2. Exploratory Data Analysis (EDA)¶

Import Libraries

In [1]:

# Import libraries
import pandas as pd
import numpy as np
import geopandas as gpd
import matplotlib.pyplot as plt
import folium
import requests
import seaborn as sns

Import Data

Import the dataset through API. This process can take a while.

In [2]:

url = 'https://opendata.arcgis.com/datasets/a163c5addf2c4b7f9079f08751bd2e1a_0.geojson'
geojson = requests.get(url).json()
crs = {'init': 'epsg:3851'} #Coordinate reference system for New Zealand
gdf = gpd.GeoDataFrame.from_features(geojson['features'], crs = crs)
print(gdf.shape)
gdf.head()

(665847, 88)

Out[2]:

	OBJECTID	Pedestrian	areaUnitID	carStationWagon	cliffBank	...	urban	vanOrUtility	weatherA	weatherB
0	3001	1	514101	1	0	...	Urban	0	Fine	Unknown
1	3002	1	514102	0	0	...	Urban	0	Fine	Unknown
2	3003	1	521802	1	0	...	Urban	0	Fine	Unknown
3	3004	0	508801	0	1	...	Urban	1	Fine	Unknown
4	3005	1	508411	1	0	...	Urban	0	Fine	Unknown

5 rows × 88 columns

In [3]:

gdf.columns

Out[3]:

Index(['OBJECTID', 'Pedestrian', 'advisorySpeed', 'animals', 'areaUnitID',
       'bicycle', 'bridge', 'bus', 'carStationWagon', 'cliffBank',
       'cornerRoadSideRoad', 'crashDirectionDescription', 'crashDistance',
       'crashFinancialYear', 'crashLocation1', 'crashLocation2',
       'crashRPDirectionDescription', 'crashRPDisplacement',
       'crashRPNewsDescription', 'crashRPRS', 'crashRPSH',
       'crashSHDescription', 'crashSeverity', 'crashYear', 'darkLight',
       'debris', 'directionRoleDescription', 'ditch', 'easting', 'fatalCount',
       'fence', 'flatHill', 'geometry', 'guardRail', 'holiday',
       'houseBuilding', 'intersection', 'intersectionMidblock', 'junctionType',
       'kerb', 'light', 'meshblockID', 'minorInjuryCount', 'moped',
       'motorcycle', 'multiVehicle', 'northing', 'numberOfLanes',
       'objectThrownOrDropped', 'other', 'otherVehicleType',
       'outdatedLocationDescription', 'overBank', 'parkedVehicle',
       'phoneBoxEtc', 'postOrPole', 'regionDesc', 'roadCharacter',
       'roadCurvature', 'roadLane', 'roadMarkings', 'roadSurface', 'roadWet',
       'roadworks', 'schoolBus', 'seriousInjuryCount', 'slipFlood',
       'speedLimit', 'strayAnimal', 'streetLight', 'suv', 'taxi',
       'temporarySpeedLimit', 'tlaID', 'tlaName', 'trafficControl',
       'trafficIsland', 'trafficSign', 'train', 'tree', 'truck',
       'unknownVehicleType', 'urban', 'vanOrUtility', 'vehicle', 'waterRiver',
       'weatherA', 'weatherB'],
      dtype='object')

Important Crash Information¶

Crash information on death and injuries are very important to us.

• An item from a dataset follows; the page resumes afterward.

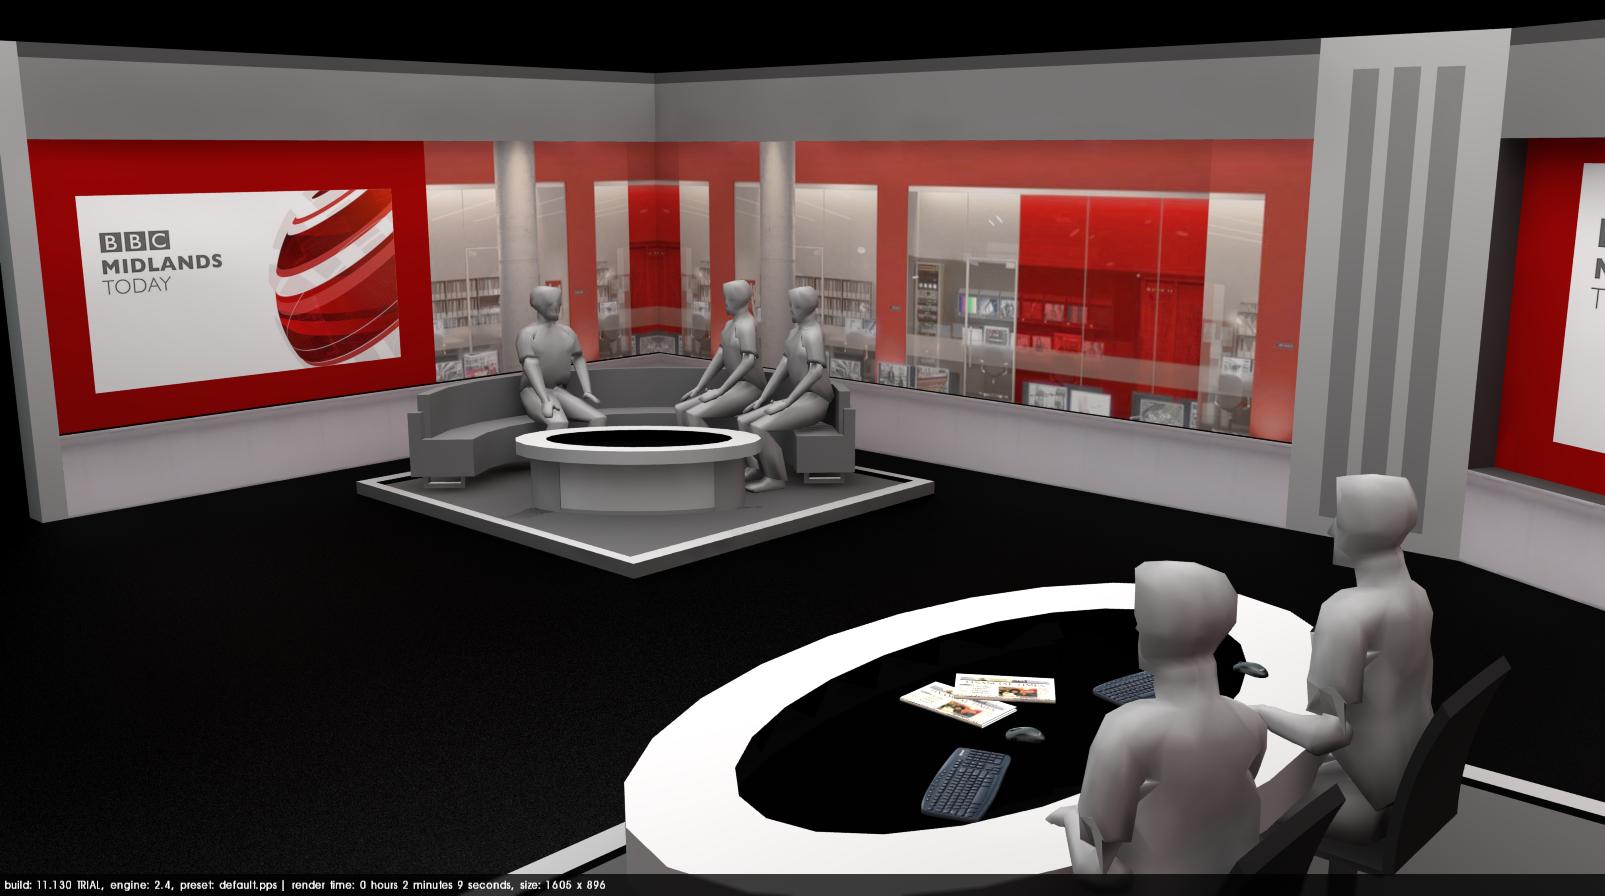 BBC Midlands Today New Studio Set Possible Idea TV Forum

We will first explore the dataset on this part of information.

crashSeverity: the severity of a car crash. Possible values are 'F'-fatal, 'S'-serious, 'M'-minor, 'N'-non-injury. This is determined by the worst injury sustained in the crash at the time of entry.

seriousInjuryCount: the number of serious injuries associated with a crash.

minorInjuryCount: the number of minor injuries associated with a crash.

fatalCount: the number of fatal casualties associated with a crash.

In [4]:

start_year = gdf.crashYear.min()
end_year = gdf.crashYear.max()

fatal = gdf['fatalCount'].sum()
serious = gdf['seriousInjuryCount'].sum()
minor = gdf['minorInjuryCount'].sum()

print("The total death in car crash accident in New Zealand from {} to {} is {}.".format(start_year,
                                                                                       end_year, fatal))
print("While the total number of serious injuries and minor injuries in car crashes is {}, and {}, respectively.".format(
                                    serious, minor))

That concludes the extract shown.